In [1]:
import json
import numpy as np
from scipy.stats import mannwhitneyu, wilcoxon

# Load the sampled FQE values from JSON file

In [5]:
file_path = r"../reports/output_policy_utility/boostrapped_results_fixed_learned_policies.json"
with open(file_path, 'r') as f:
    data = json.load(f)
    
    
original_vals = np.asarray(data["policies"]["original_30"]["all_bootstrap_values"], dtype=float)
synthetic_60_vals = np.asarray(data["policies"]["synthetic_60"]["all_bootstrap_values"], dtype=float)
synthetic_100_vals = np.asarray(data["policies"]["synthetic_100"]["all_bootstrap_values"], dtype=float)
merged_vals = np.asarray(data["policies"]["merged_120"]["all_bootstrap_values"])

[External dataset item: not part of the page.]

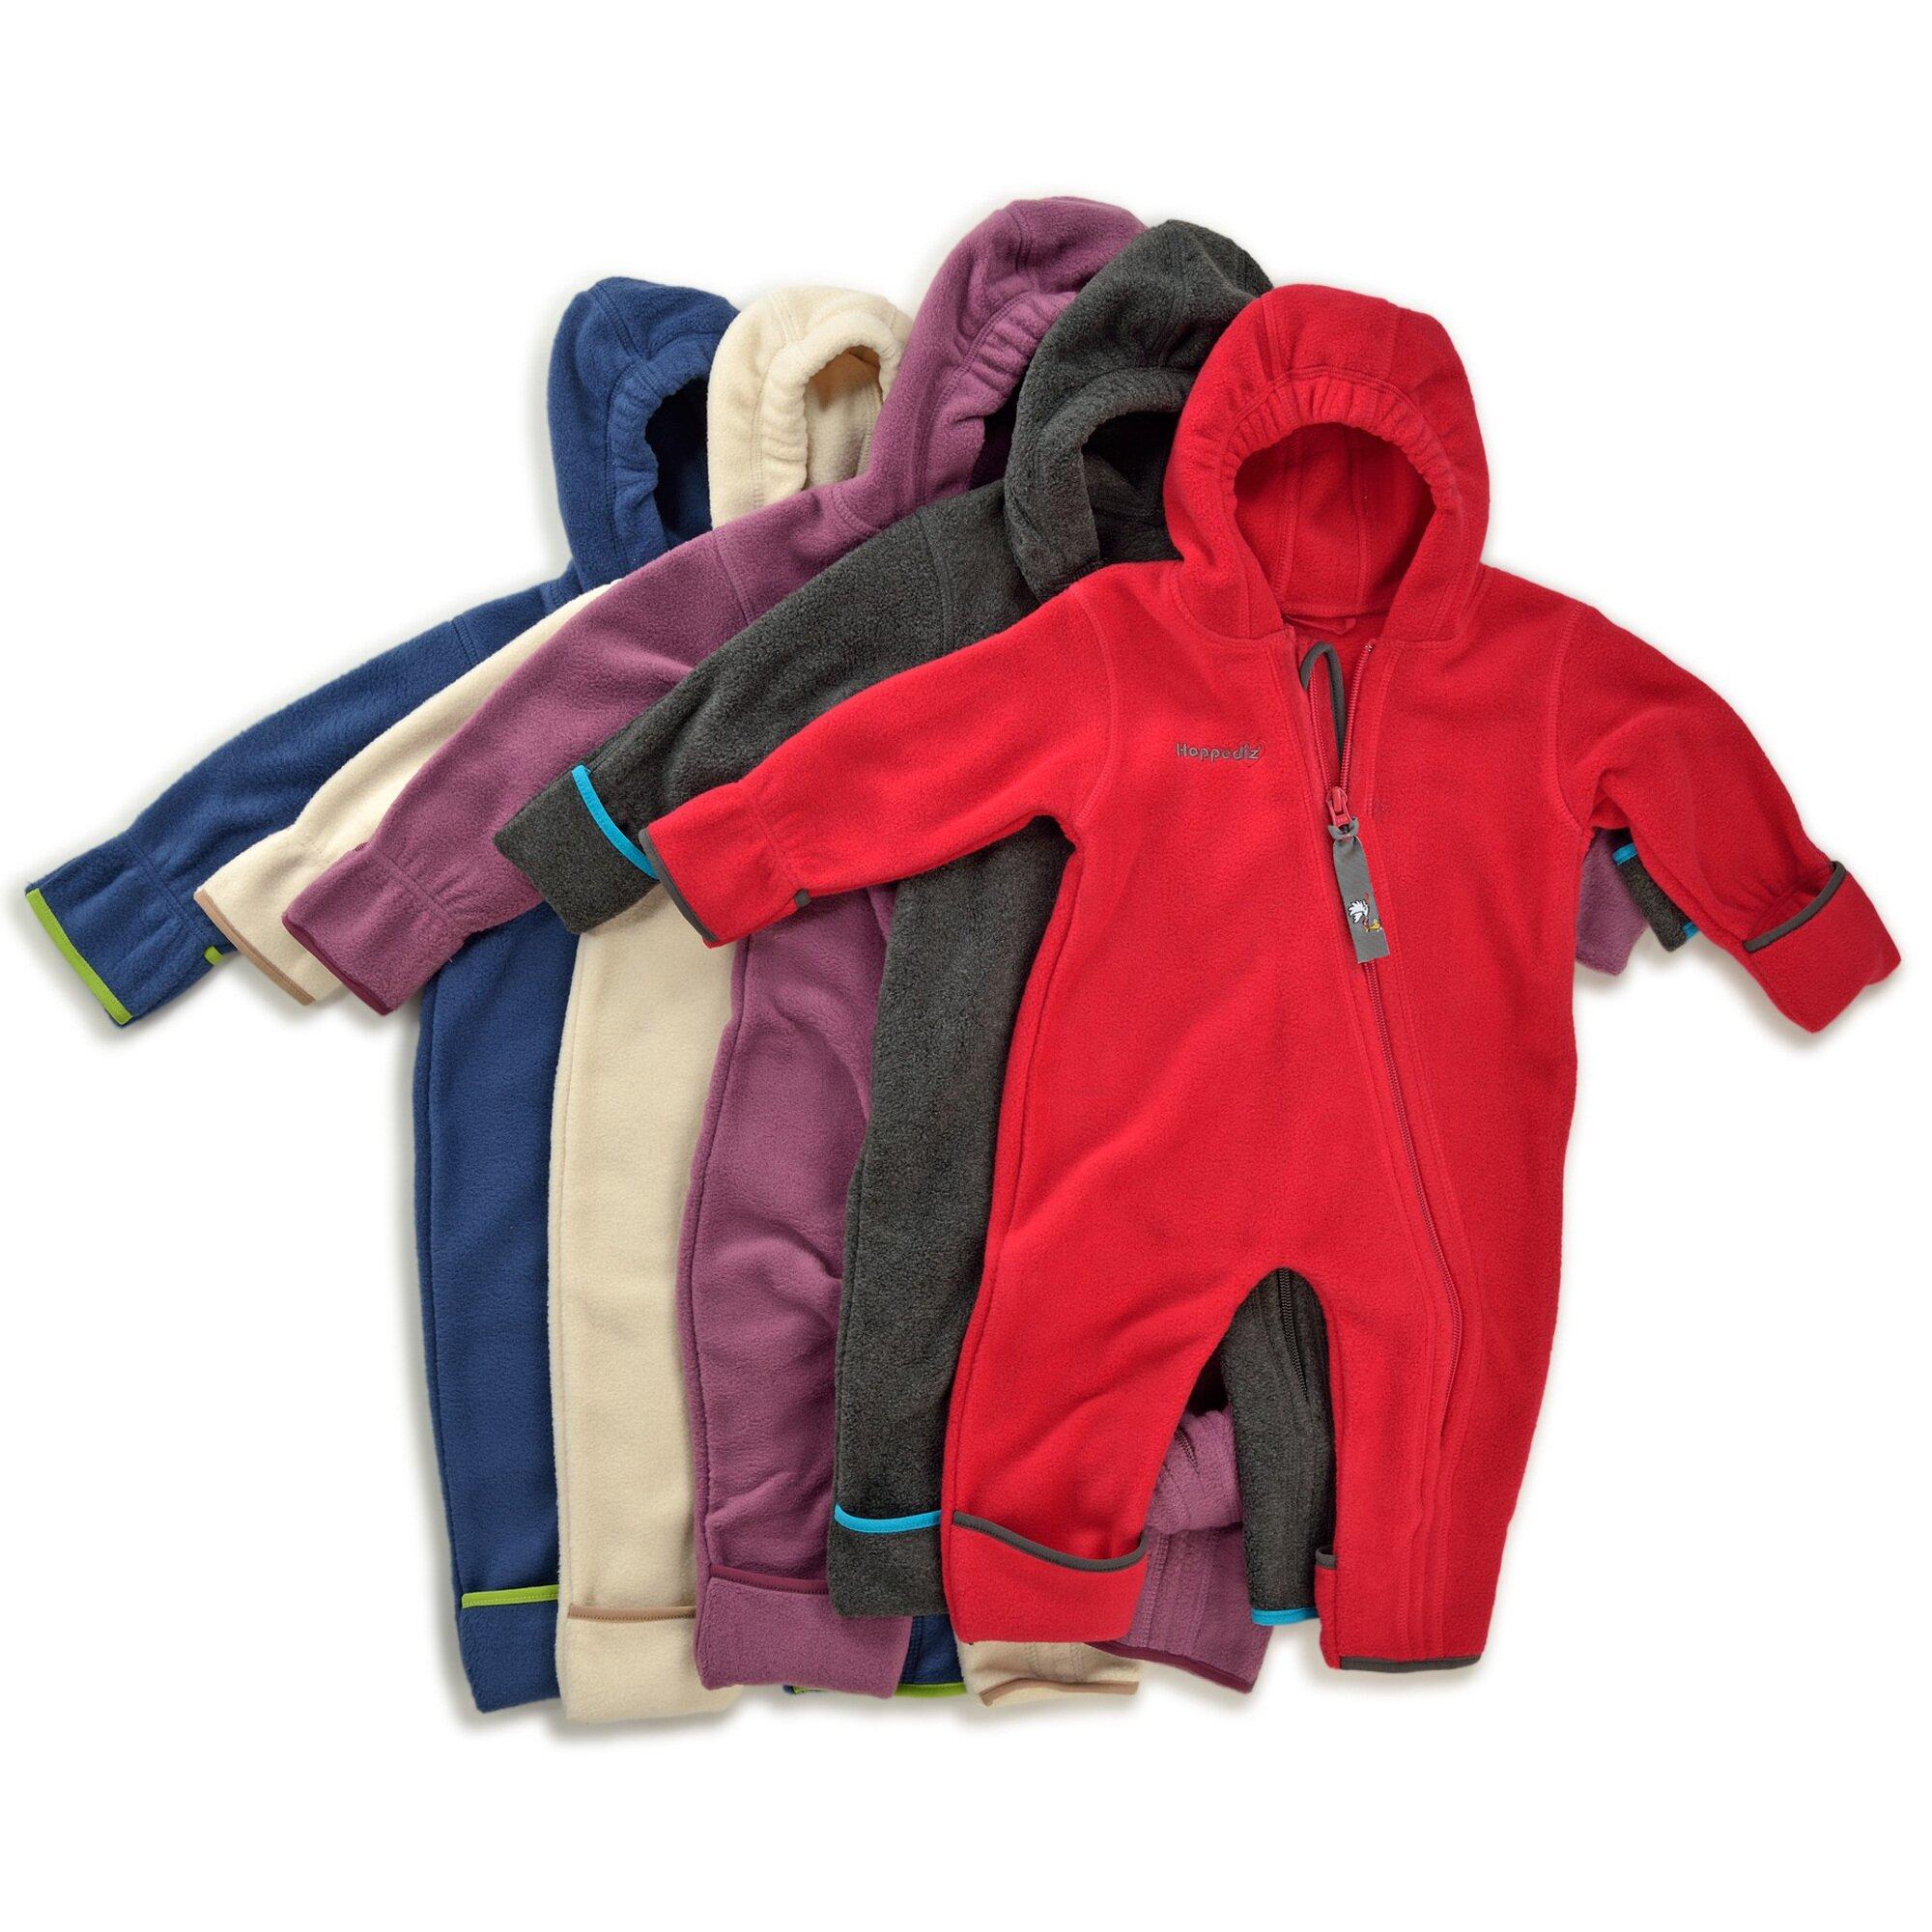 hoppediz-fleece-trage-overalls-beige

send_no_message = np.asarray(data["policies"]["fixed_action_0"]["all_bootstrap_values"], dtype=float)
send_encouraging_message = np.asarray(data["policies"]["fixed_action_1"]["all_bootstrap_values"], dtype=float)  
send_informing_message = np.asarray(data["policies"]["fixed_action_2"]["all_bootstrap_values"], dtype=float)
send_affirming_message = np.asarray(data["policies"]["fixed_action_3"]["all_bootstrap_values"], dtype=float)


fixed_policies = {
    "No_Message": send_no_message,
    "Encouraging": send_encouraging_message,
    "Informing": send_informing_message,
    "Affirming": send_affirming_message
}

learned_policies = {
    "Original_30": original_vals,
    "Synthetic_60": synthetic_60_vals,
    "Synthetic_100": synthetic_100_vals,
    "Merged_120": merged_vals
}

test_100 = {
    "Original_30": original_vals,
    "Synthetic_60": synthetic_60_vals,
    "Merged_120": merged_vals, 
    "No_Message": send_no_message,
    "Encouraging": send_encouraging_message,
    "Informing": send_informing_message,
    "Affirming": send_affirming_message
}

test_merged = {
    "Original_30": original_vals,
    "Synthetic_60": synthetic_60_vals,
    "Synthetic_100": synthetic_100_vals, 
    "No_Message": send_no_message,
    "Encouraging": send_encouraging_message,
    "Informing": send_informing_message,
    "Affirming": send_affirming_message
}

synthetic_datasets = {
    "Synthetic_60": synthetic_60_vals,
    "Synthetic_100": synthetic_100_vals,
    "Merged_120": merged_vals
}




# Test the hypothesis that the learned policies are better than the fixed policies

In [6]:
wilcoxon_results = {}
p_values = []
comparisons = []


for policy_name, policy_vals in test_100.items():
    stat, p = wilcoxon(synthetic_100_vals, policy_vals, alternative='greater')
    comp = f"Synthetic_100 vs {policy_name}"
    wilcoxon_results[comp] = (stat, p)
    p_values.append(p)
    comparisons.append(comp)


In [7]:
wilcoxon_results

In [12]:
# Test the synthetic data policies against the orignal 
wilcoxon_results_merged = {}
p_values_merged = []
comparisons_merged = []

for policy_name, policy_vals in synthetic_datasets.items():
    stat, p = wilcoxon(policy_vals, original_vals, alternative='greater')
    comp = f"{policy_name}vs Orignal Dataset"
    wilcoxon_results_merged[comp] = (stat, p)
    p_values_merged.append(p)
    comparisons_merged.append(comp)

In [13]:
wilcoxon_results_merged